Of importance is the typical phenotype predicting which patients develop diabetes on statin therapy. Those individuals with “metabolic syndrome” with elevated fasting blood sugar, increase visceral adiposity, high normal blood pressure or hypertension, and elevated triglycerides are those at risk for developing diabetes on statins. If patients had four of these risk factors, they have a 25% risk of developing diabetes. If they have none of these risks factors, their risk was just 2%. That is not surprising, as we know these are just the factors that predict new onset diabetes.

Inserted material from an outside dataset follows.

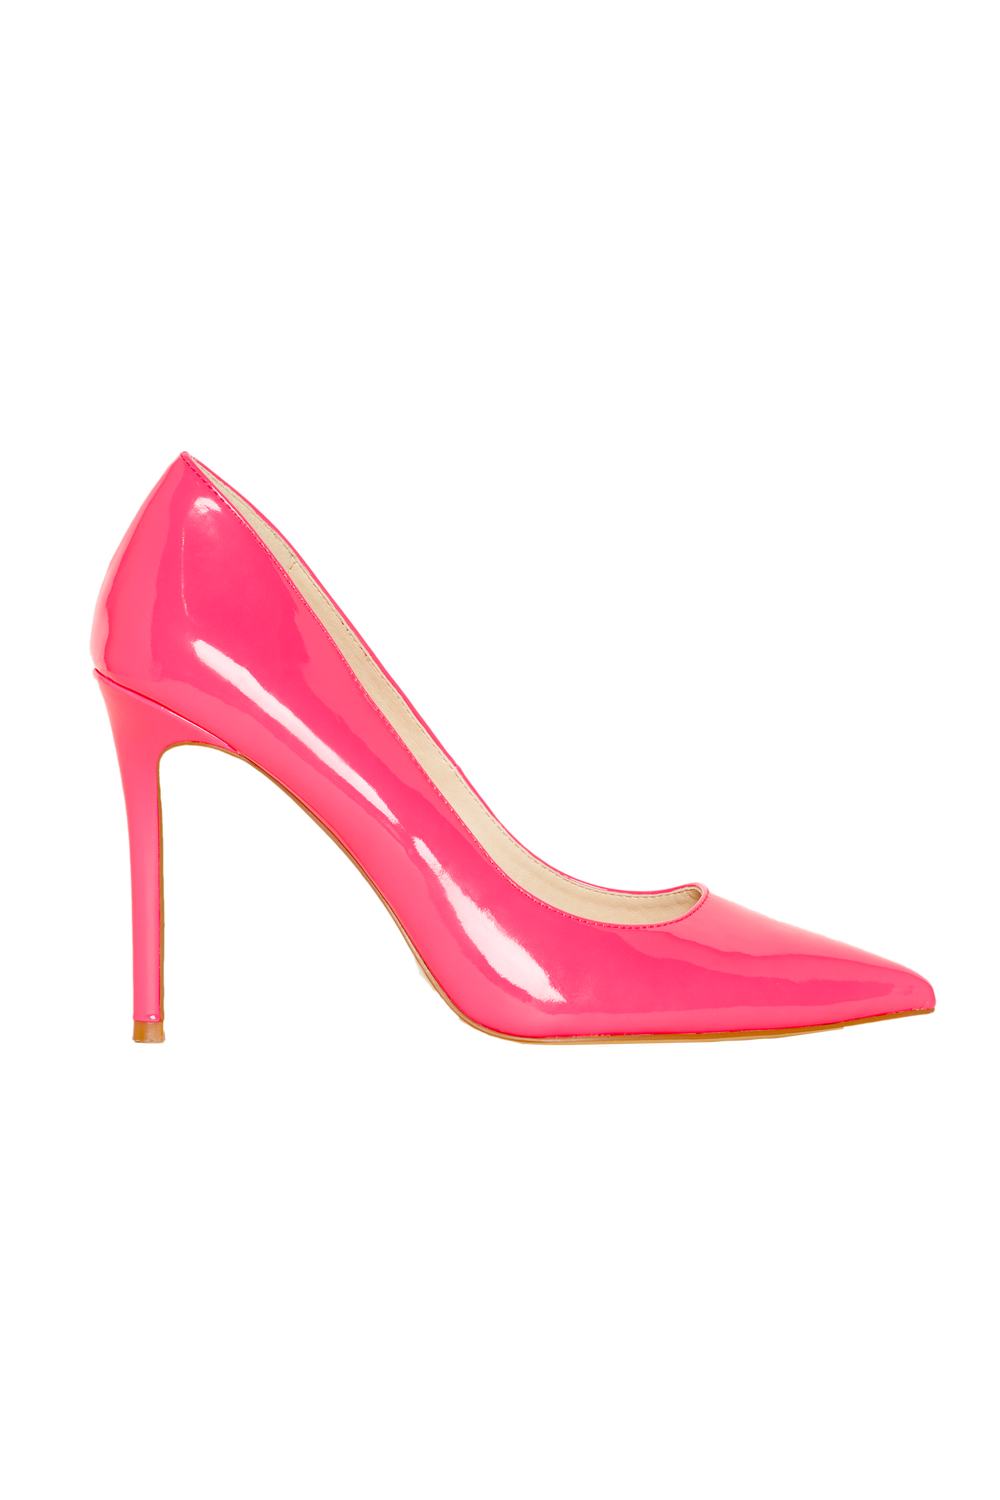 Kait Hot Pink Rhinestone Pointed-Toe Pumps

The possible confounding factors relating statins to new onset diabetes are also relevant. Many people who take statins to lower atherogenic lipoproteins (LDL) rely on the “pill approach” rather than a holistic approach with correct lifestyle, exercise and nutrition and as I see every day the risks for progressive metabolic syndrome are exacerbated despite statin therapy. In my practice we focus on all 10 of the parameters that drive cardiovascular disease and consequently I see extremely few cases of diabetes on statin therapy:
- ApoB/ ApoA1 (total atherogenic/ non atherogenic lipoproteins)

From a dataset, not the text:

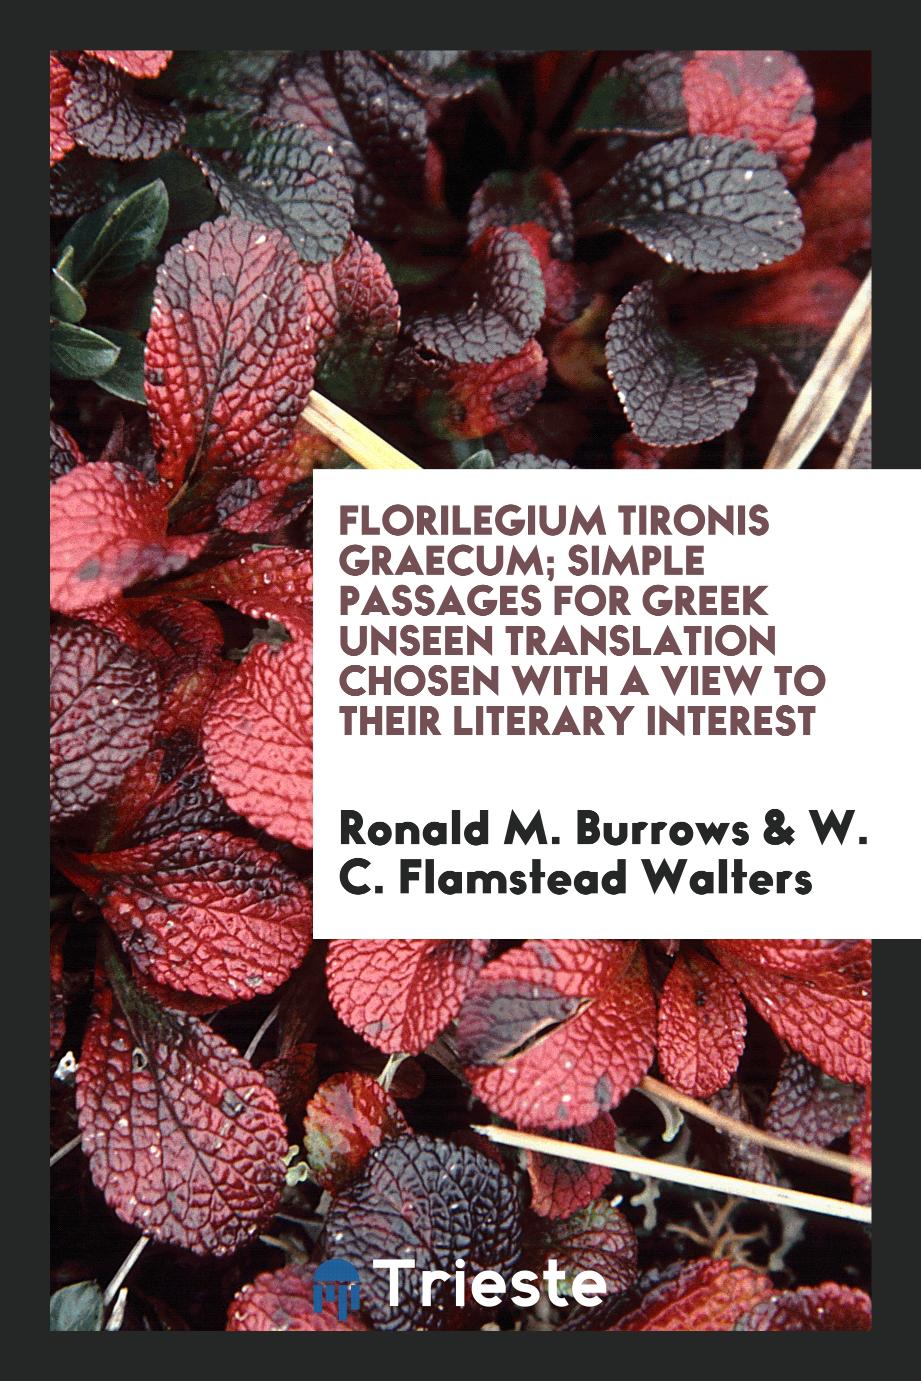 Florilegium tironis graecum; simple passages for Greek unseen translation chosen with a view to their literary interest

- Ultrasensitive CRP < 1.0
- Non smoking of all tobacco products
- BMI < 25%
- Optimal nutrition tailor prescribed for the individual phenotype
- Moderate intensity exercise on most daily/ week
- BP ~ 120/80
- GLucose < 6.0
- Alcohol in moderation
- Stress reduction
Remember the cumulative effect of statin therapy on our arteries over many decades is profound and forms the basis of the philosophy of “optimal medical management.” This accounts for the incredible outcome in trials like STENO-2; BARI-2D and COURAGE where major cardiac event rate was impressively reduced compared to conventional management and even invasive (coronary stents) or surgical intervention (coronary bypass surgery).
So in summary:
The consistency of the statin clinical-trial findings, the temporal association and the dose-dependency of the effect all provide a strong argument for causality for statins and diabetes.

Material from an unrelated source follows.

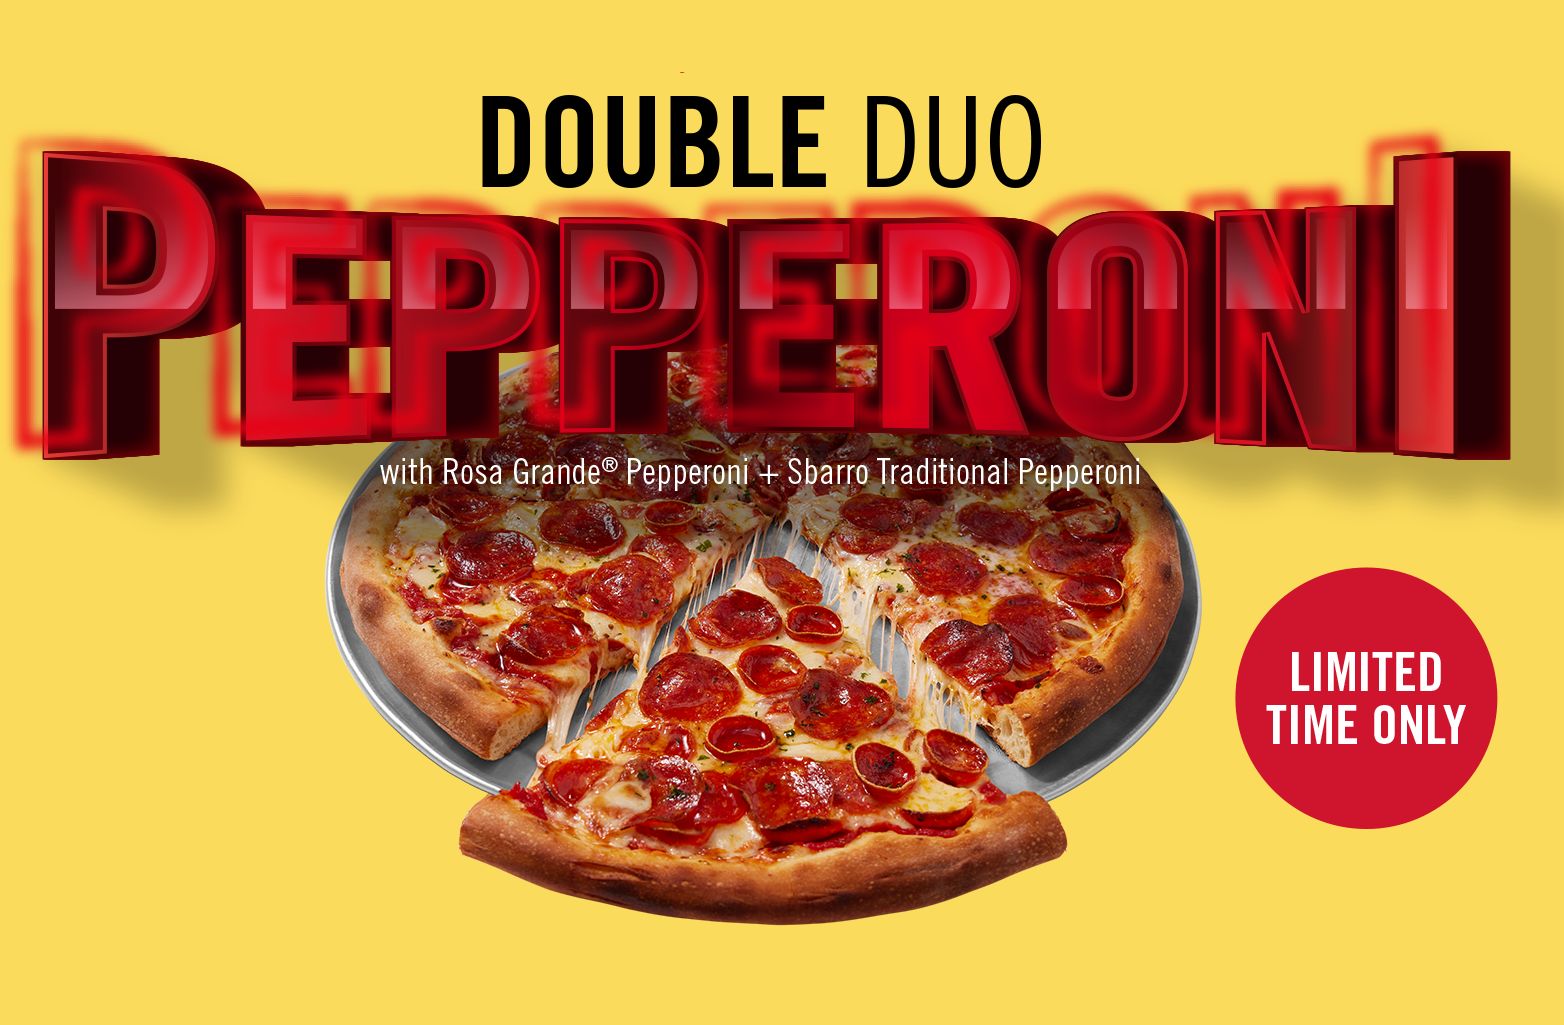 Sbarro’s Double Duo Pepperoni Pizza is Now Available for a Limited Time

Whilst the precise mechanism for cause-and-effect is NOT known further work is needed to elucidate the mechanisms of action at hepatic, skeletal-muscle, adipocyte, beta-cell, and mitochondrial levels that could impair insulin action and glucose homeostasis. There is certainly no evidence to support statin worsening insulin resistance nor evidence to suggest increasing risk via accelerated oxidised LDL due to statin.
The bottom line is a fairly simple, straightforward clinical message. Even in a lower-risk primary-prevention population, the cardiovascular benefits of statin therapy outweigh the diabetes hazard, even among those with highest risks for diabetes (metabolic syndrome).
With the incredible benefit and low NNT in secondary prevention the risk-benefit ratio greatly favors benefit in treating patients to goal (generally LDL < 1.8 and ApoB/ ApoA1 0.3- 0.5) with high potency high dose statin therapy.
In other words the clinical RELEVANCE of new onset of diabetes mellitus with statin therapy is minimal as the benefit of major cardiac event reduction outweighs any proposed negative effect of the diabetes.